Thimphu, Punakha, Bhutan

2015

Fotos

Lisa Ehrensperger, Roland Frei

23.09.2015

Aus dem Reisetagebuch

Heute beginnen die rituellen Tänze des „Tshechu festivals“ in einer eigens an den grossen Dzong des Königs dafür angebauten Arena. Tashichho heisst der Dzong, der bereits 1216 erbaut worden sein soll. Der König hat keinen langen Arbeitsweg, denn sein privates Wohnhaus, seine Residenz liegt gerade einmal auf der anderen Seite der Strasse.
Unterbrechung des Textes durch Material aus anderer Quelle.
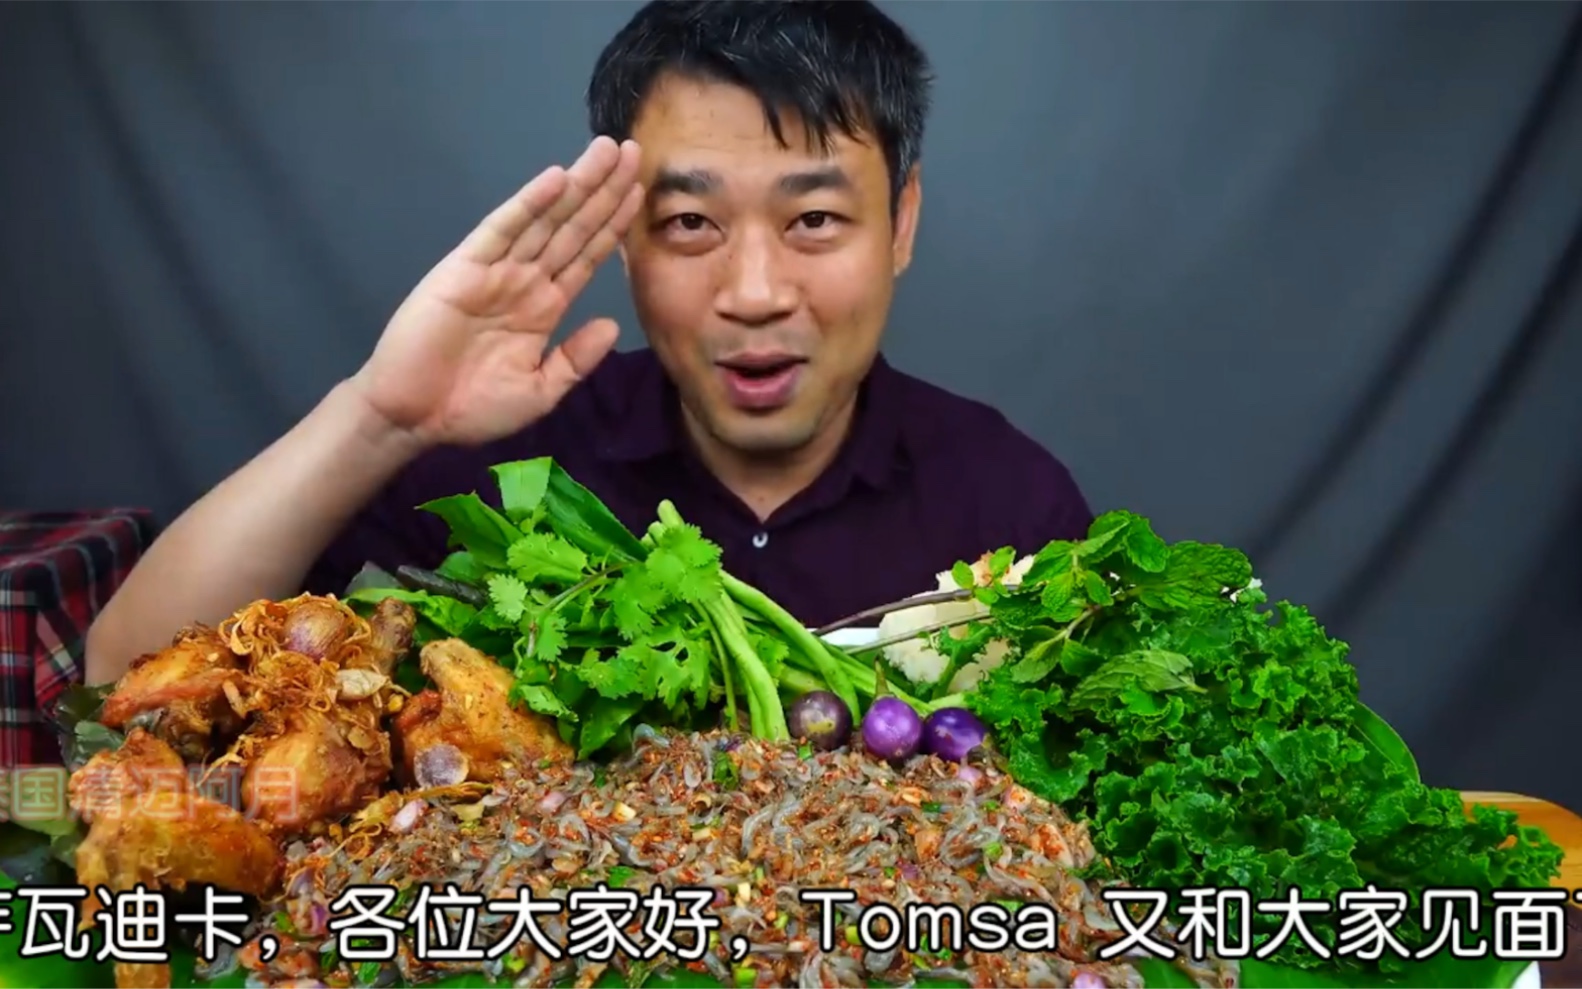 泰国Tomsa 带你吃凉拌跳虾 小虾米去酸辣可口 配炸鸡腿 馋哭了 中文字幕

Eine seriös bewachte Anlage, die man nicht fotografieren darf und da kennt die Bhutanische Armee keinen Spass. Jigme gibt uns weitere Verhaltensregeln durch. Das Fest ist für die Bhutaner ein wichtiges Reinigungsritual und normalerweise kommen alle Bewohner an mindestens eines der über 24 Feste die im Lande gefeiert werden. Hier in Thimphu ist das nicht mehr möglich, aber die Arena mit dem Dzong als Hauptfassade ist bereits gut gefüllt, wie wir ankommen. Schätzungsweise 8‘000  - 10‘000 Zuschauer feiern ein buntes Miteinander mit religiösem Hintergrund. Alle in ihren Festtagskleidern. Nicht nur der Baustil soll nationale Identität schaffen, auch die einheitliche Kleidung. Diese ist streng reglementiert und erklärt dem Kenner Rang und Position der Person. Die Männer tragen den „Gho“, ein mit dem tibetischen „chuba“ verwandten Langrock, der von einem wollenen Gürtel (Kera) zusammengebunden wird. Mich erinnert das Kleidungsstück stark an schottische Kilts und tatsächlich hat das Muster auf dem „Gho“ von Jigme erstaunliche Ähnlichkeit mit einem schottischen Tartan (ursprünglich trugen die Bhutaner auch dasselbe unter dem Gho wie die Schotten unter dem Kilt). Nur dass die Ärmel in weissen Manschetten enden, weiss die Farbe des Respektes, der Reinheit. Bei den Männern ist dieser Umschlag immer weiss. Über dem Gho wird ein Schal, der „kabney“ getragen. Dieser zeigt den gesellschaftlichen Rang seines Trägers an, normalerweise ist er weiss. Auch die Frauen haben sich aufgeputzt tragen ihren schönsten „Kira“, den bodenlangen, engen Rock, darüber eine farbige Bluse „Wonju“ genannt, zur Schau. Diese zweiteiligen Kleider sind farbiger, bunter, die Stoffe, häufig Seide, elaborierte Eleganz. Jigme erzählt, dass früher der König hier am Fest seine Braut ausgewählt hat, deswegen ist es für die Frauen wichtig, attraktiv auszusehen. Sich zu präsentieren. Individualität in der Gleichheit. Man hat das Gefühl, Frauen und Männer, sogar die Kinder tragen die Bhutanische Kleidung mit Stolz.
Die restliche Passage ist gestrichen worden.